A notch or a cavity may be provided in the second liquid absorber at a position corresponding to the introduction port.

In one aspect of the liquid absorber,
The second liquid absorber is provided on the first liquid absorber,
an inlet for introducing the liquid into the case is provided in a side wall portion of the case,
The introduction port may be provided on the side of the first liquid absorber.

One aspect of the liquid ejection device according to the present invention includes:
a liquid ejection head;
and an aspect of the liquid absorber that absorbs the liquid ejected from the liquid ejection head.
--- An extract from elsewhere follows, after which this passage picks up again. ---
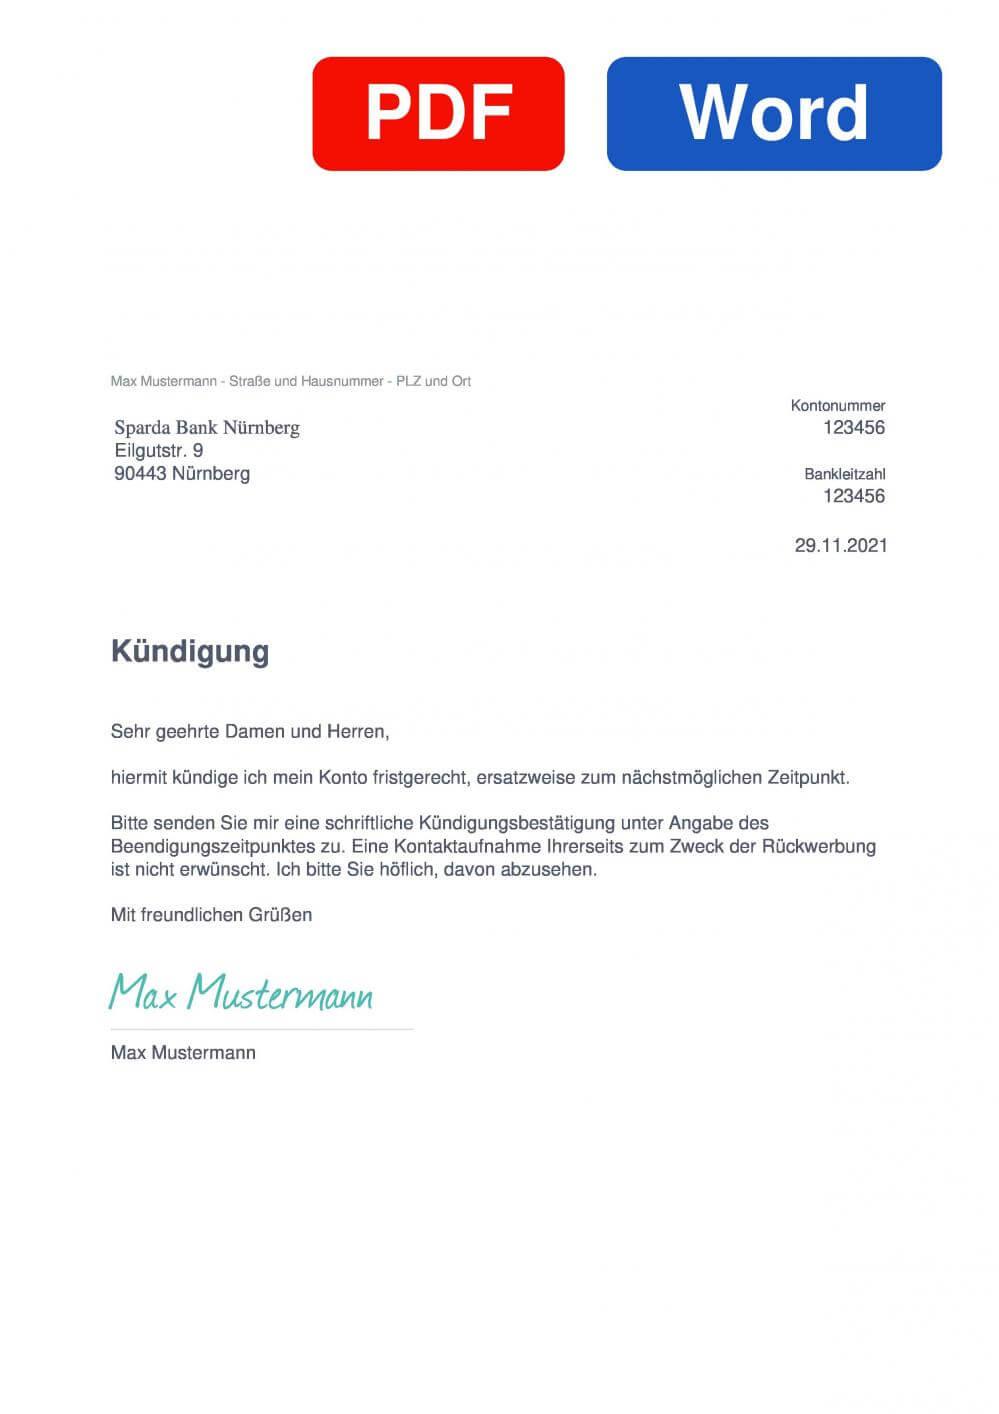 Sparda Bank Nürnberg Muster Vorlage für Kündigungsschreiben

BRIEF DESCRIPTION OF THE DRAWINGS Sectional drawing which shows typically the liquid absorber which concerns on this embodiment. The figure which shows typically the 1st liquid absorber of the liquid absorber which concerns on this embodiment. The perspective view which shows typically the small piece of the liquid absorber which concerns on this embodiment. Sectional drawing which shows typically the small piece of the liquid absorber which concerns on this embodiment. 4A and 4B are diagrams for explaining the method of manufacturing the liquid absorber according to the present embodiment; FIG. 4A and 4B are diagrams for explaining the method of manufacturing the liquid absorber according to the present embodiment; FIG. 4A and 4B are diagrams for explaining the method of manufacturing the liquid absorber according to the present embodiment; FIG. The top view which shows typically the liquid absorber which concerns on the 1st modification of this embodiment. Sectional drawing which shows typically the liquid absorber which concerns on the 1st modification of this embodiment. The top view which shows typically the liquid absorber which concerns on the 1st modification of this embodiment. Sectional drawing which shows typically the liquid absorber which concerns on the 2nd modification of this embodiment. Sectional drawing which shows typically the small piece of the liquid absorber which concerns on the 3rd modification of this embodiment. The figure for demonstrating the manufacturing method of the liquid absorber which concerns on the 3rd modification of this embodiment. The figure for demonstrating the manufacturing method of the liquid absorber which concerns on the 3rd modification of this embodiment. Sectional drawing which shows typically the liquid absorber which concerns on the 4th modification of this embodiment. 1 is a diagram schematically showing a liquid ejection device according to an embodiment; FIG. Table showing evaluation results of Examples 1 to 6 and Comparative Examples 1 to 3.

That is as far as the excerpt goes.